# 2020 Mercury seems to be over revving at 4600 rpm



## fishinfever (Feb 14, 2005)

Hey Sports Fans,
I have a 2020 75 HP Mercury 4 Stroke mounted on a 2020 Lund Alaskan 1800 Tiller. I have had the boat on the water 3 times with less than 2 hours running and when the alarm sounds and the rpms cut back I am not at WOT.
I made a video so that the dealer could see what is happening and installed a cheap Tach so I could try to figure out what is going on.






Everything seems to be fine until I go over 4500 rpm.
The book says Full Throttle rpm range 4500-5500.
The only thing that I think is out of the ordinary is that a large patch of paint on one of the prop blades just flaked off and the edges feel like it is all going to come off.

I know it is a stretch but what about a prop with one blade so different than the others or if that is an indication that there is something more defective with the prop.
I can't find information about when the rpm limiter kicks in and/or if it set lower until the computer thinks break-in is over.
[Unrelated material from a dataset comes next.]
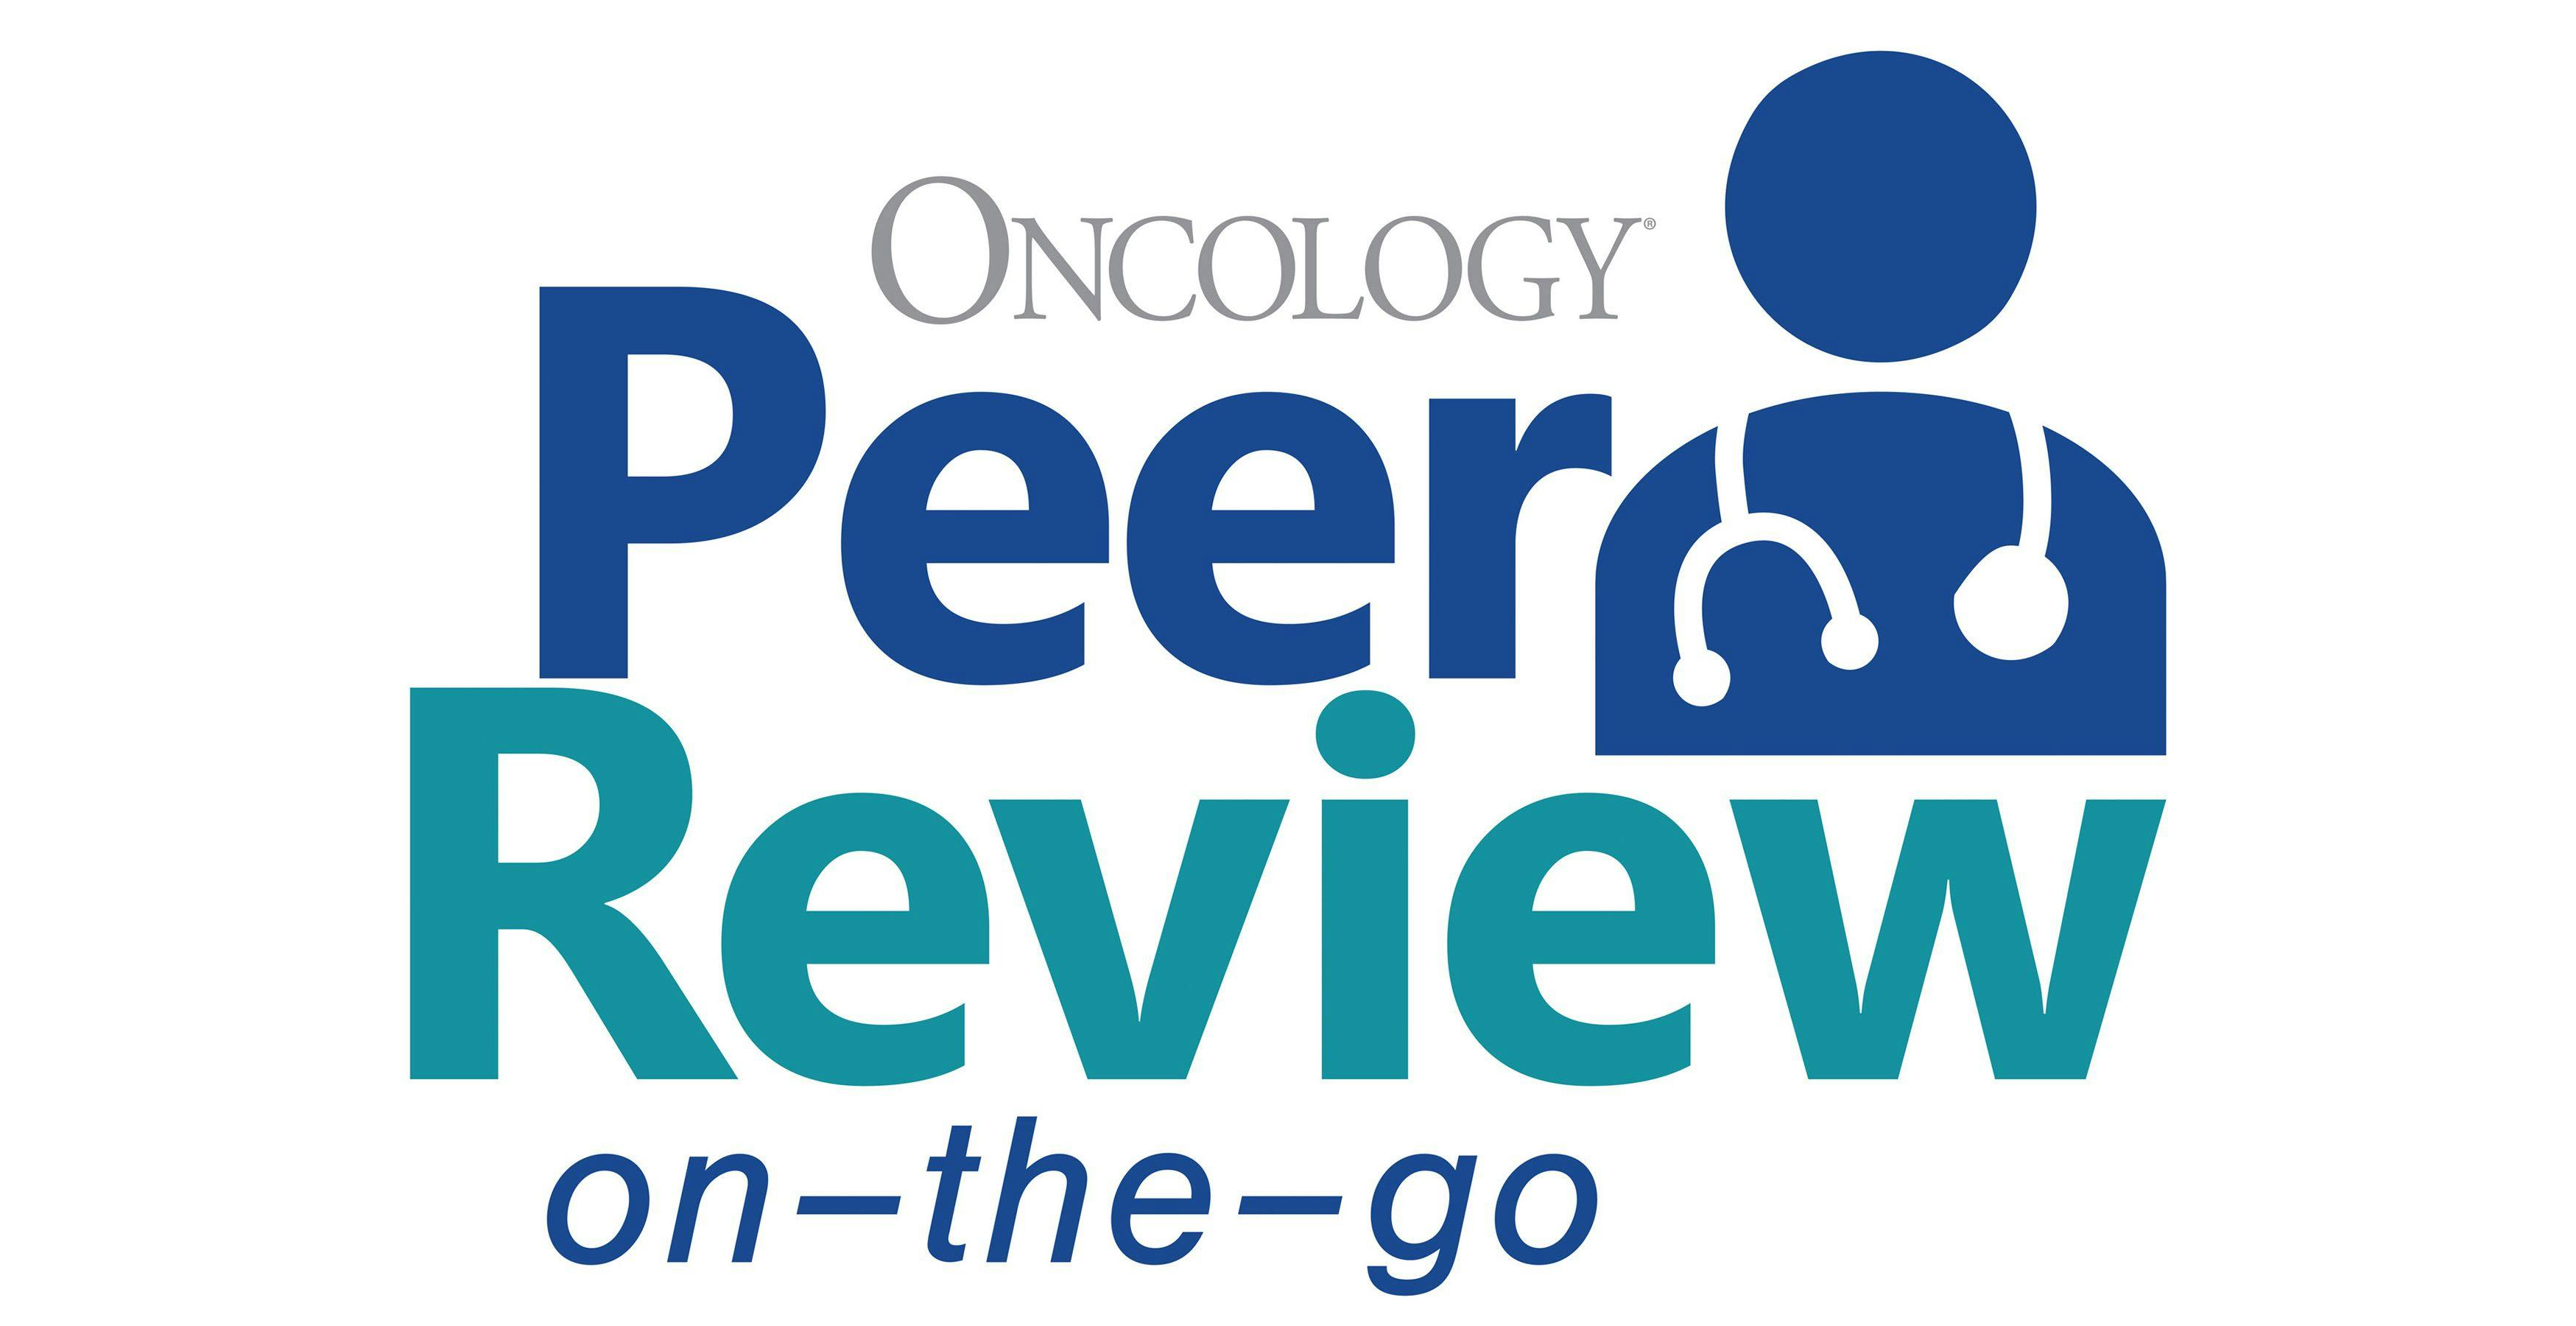 Jun Gong, MD, spoke with CancerNetwork® about the latest research from the journal ONCOLOGY® on elderly patients with muscle-invasive bladder cancer.

Not trying to be a jerk but I know to take it back to the dealer but they are almost 3 hours away, their suggestion was put another person in the boat and I am going on vacation in 3 days.

Also, I have a feeling everything is fine and this is supposed to happen if you push it during break-in but I followed the book and if I stay below 4500 rpm it runs like a dream.

Thanks for reading this and I am open to any thoughts,
FF


----------



## bowhunter426 (Oct 20, 2010)

I would recommend getting a vessel view mobile to monitor what fault it is getting. Sounds like you went into Guardian mode. Any merc dealer should be able to diagnose. Rev limiter will limit your rpm from increasing above the set limit. It will "bounce" off of it, not slow down.

Here is a list of Guardian mode types

https://www.perfprotech.com/blog/ma...craft-and-guardian-system-warning-horn-alarms


----------



## Walley Gordo (Jan 21, 2005)

I just broke in 2 Suzuki motors this weekend. In my owners manual it says to not go over 3000 rpms going up and down for the first 2 hours. The 3rd hour up to 4000 rpms. The next 7 hrs. do what you want just don't have it in full throttle for more than 5 mins at a time.


----------



## bowhunter426 (Oct 20, 2010)

Walley Gordo said:


> I just broke in 2 Suzuki motors this weekend. In my owners manual it says to not go over 3000 rpms going up and down for the first 2 hours. The 3rd hour up to 4000 rpms. The next 7 hrs. do what you want just don't have it in full throttle for more than 5 mins at a time.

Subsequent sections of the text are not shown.